While acknowledging disagreements, administration officials declined to talk on the record about the issue after news reports in recent weeks indicated a fierce battle between the assistant secretary of state for Africa, Susan Rice--considered the chief Sudan hard-liner by the aid groups and a strong supporter of the proposal to give aid to the rebels--and Julia V. Taft, the department's chief of humanitarian operations, who is against it.
The impetus for the aid proposal came from activists on Sudan issues, including Sen. Sam Brownback (R-Kan.) and Rep. Donald M. Payne (D-N.J.), who have been particularly outspoken on the slavery issue.
The United Nations has confirmed and condemned slavery practiced by government-allied forces in Sudan, while noting it is a long tradition in Sudan.

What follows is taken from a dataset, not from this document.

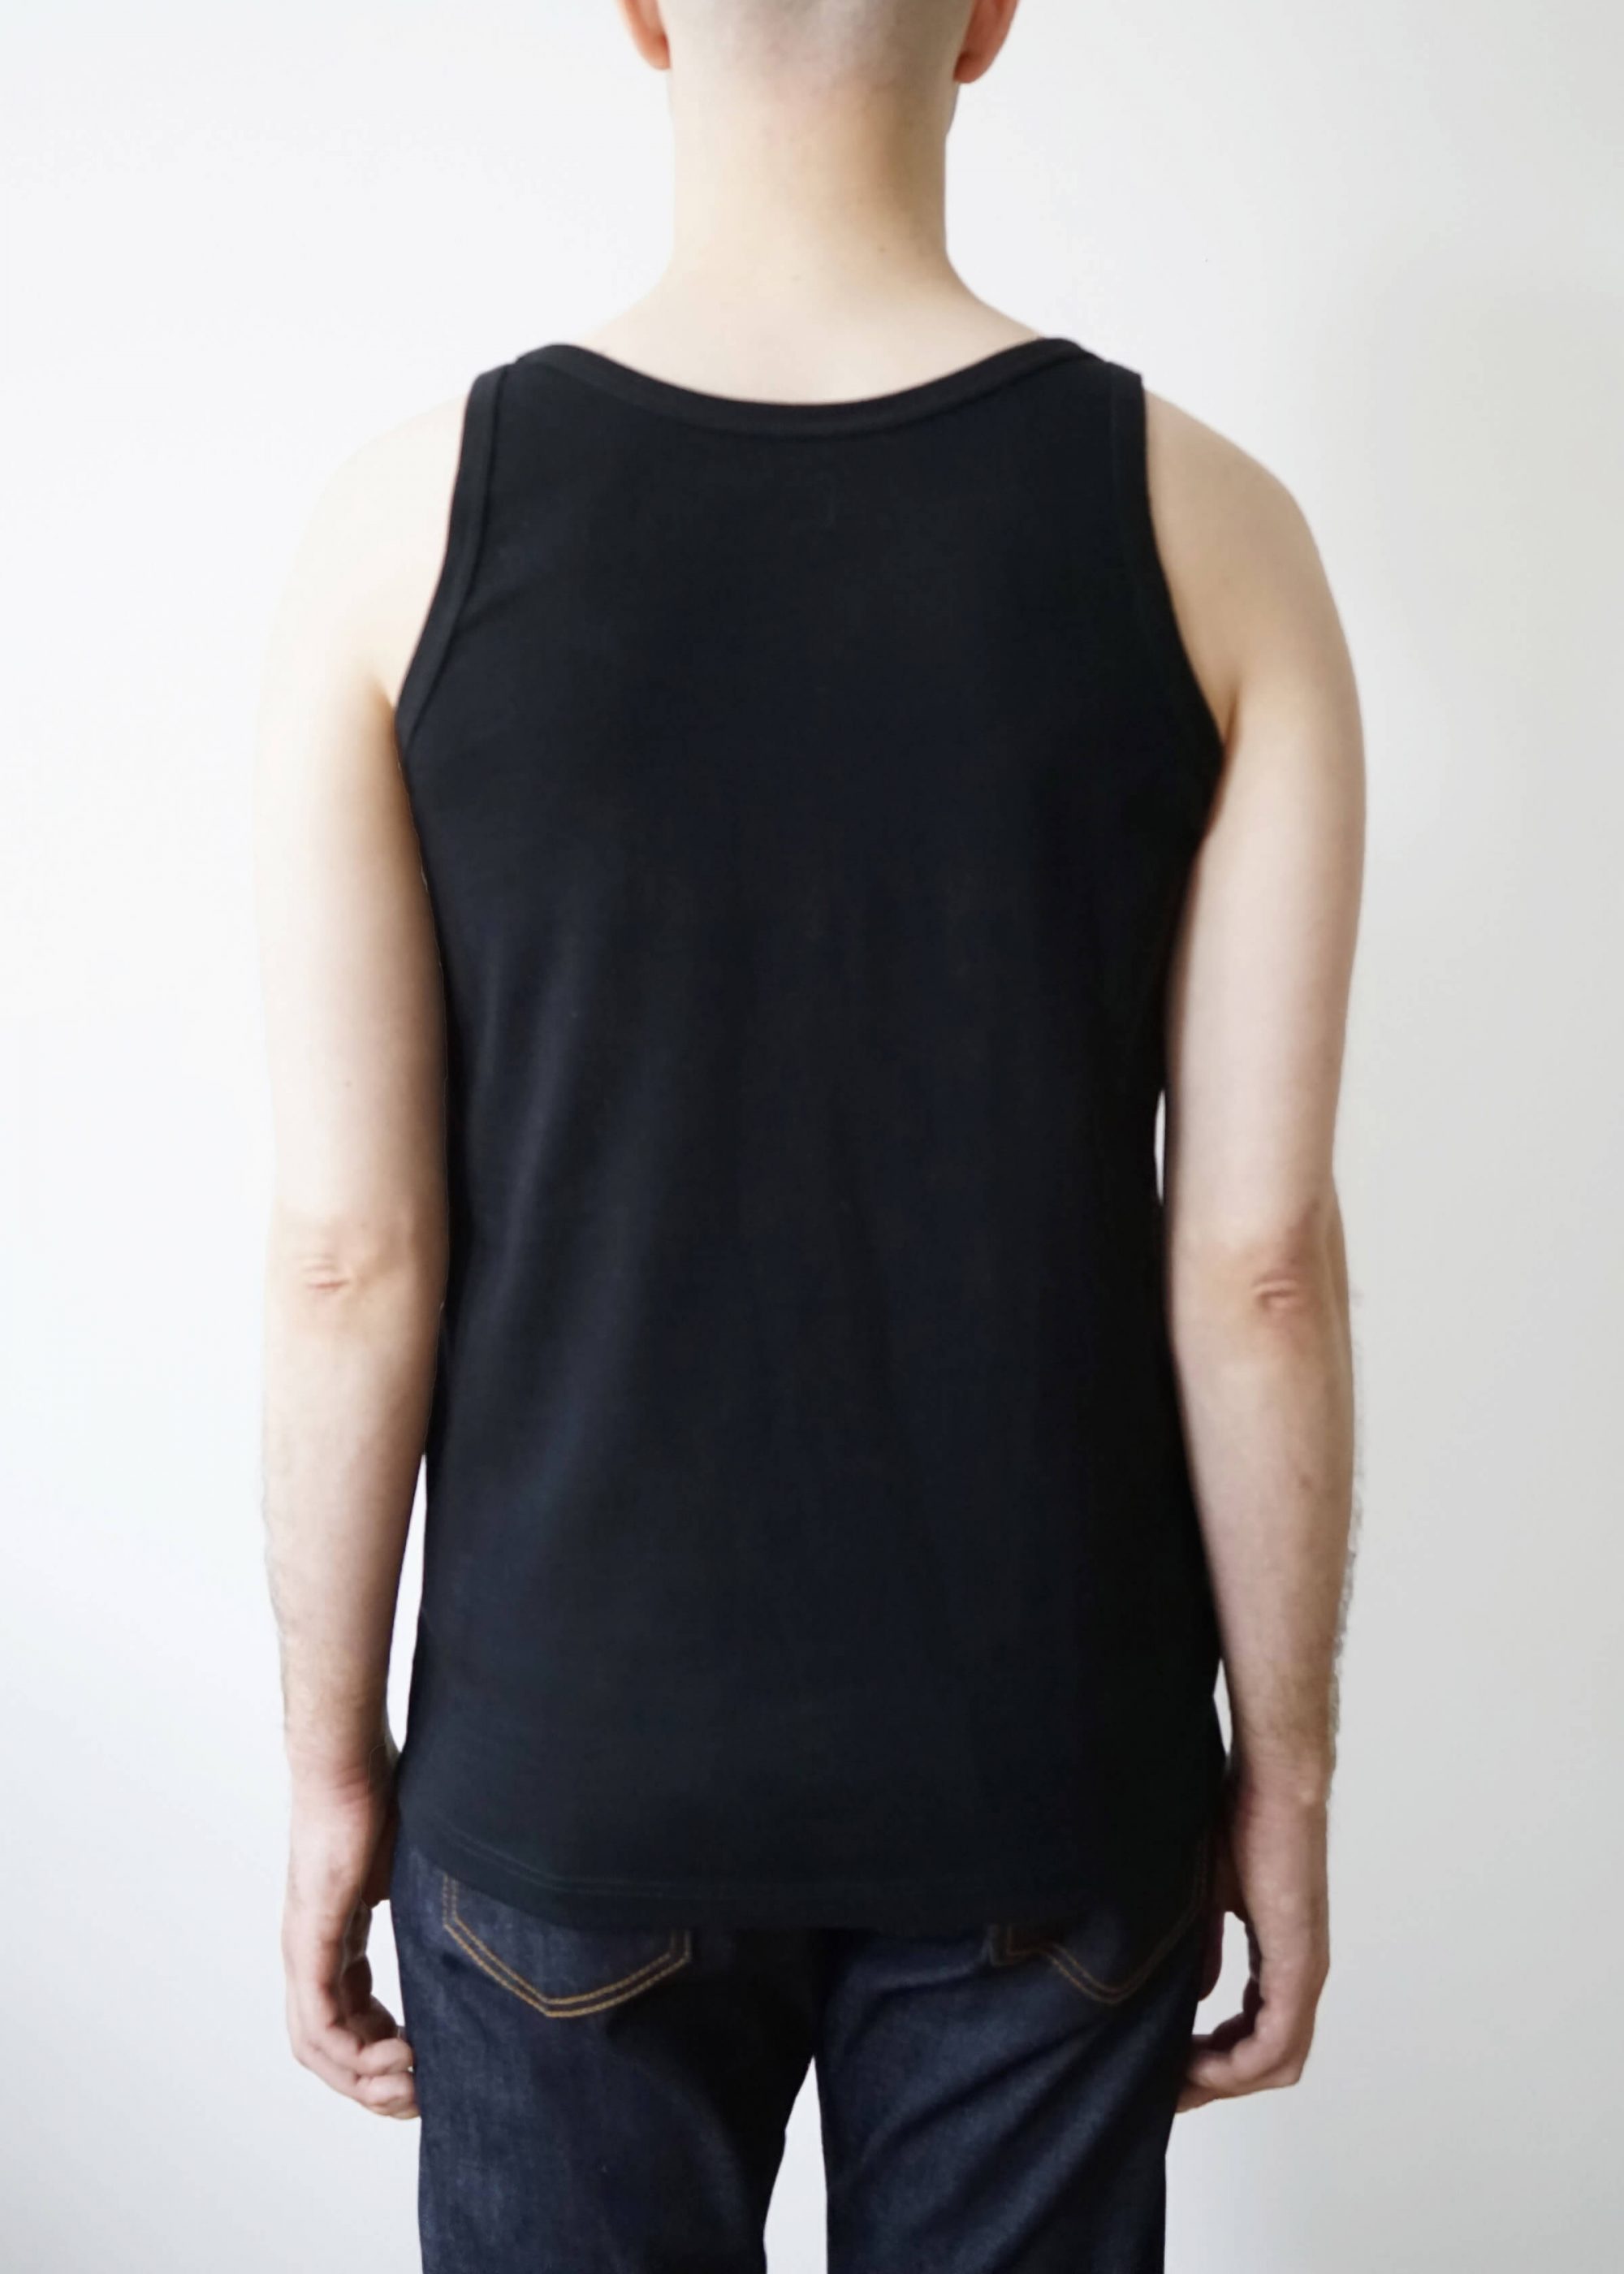 Product image for »Rothko« Black Organic Cotton Tank Top

In its most recent report on human rights abuses in Sudan, Human Rights Watch noted that the Bashir government, which had long denied the reports, last May for the first time "acknowledged the problem of 'abduction and forced labor of women and children,' and set up a committee to address it."
While denouncing the slave trade, most aid organizations, including a number of Christian-based agencies, have said it has dominated discussions about how to end the Sudanese war. They also have criticized the practice of "retrieving" slaves initiated by the Geneva-based Christian Solidarity International, which claims to have purchased more than 20,000 individuals from slave traders since 1995--the going rate is $50 apiece--as encouraging the slave trade.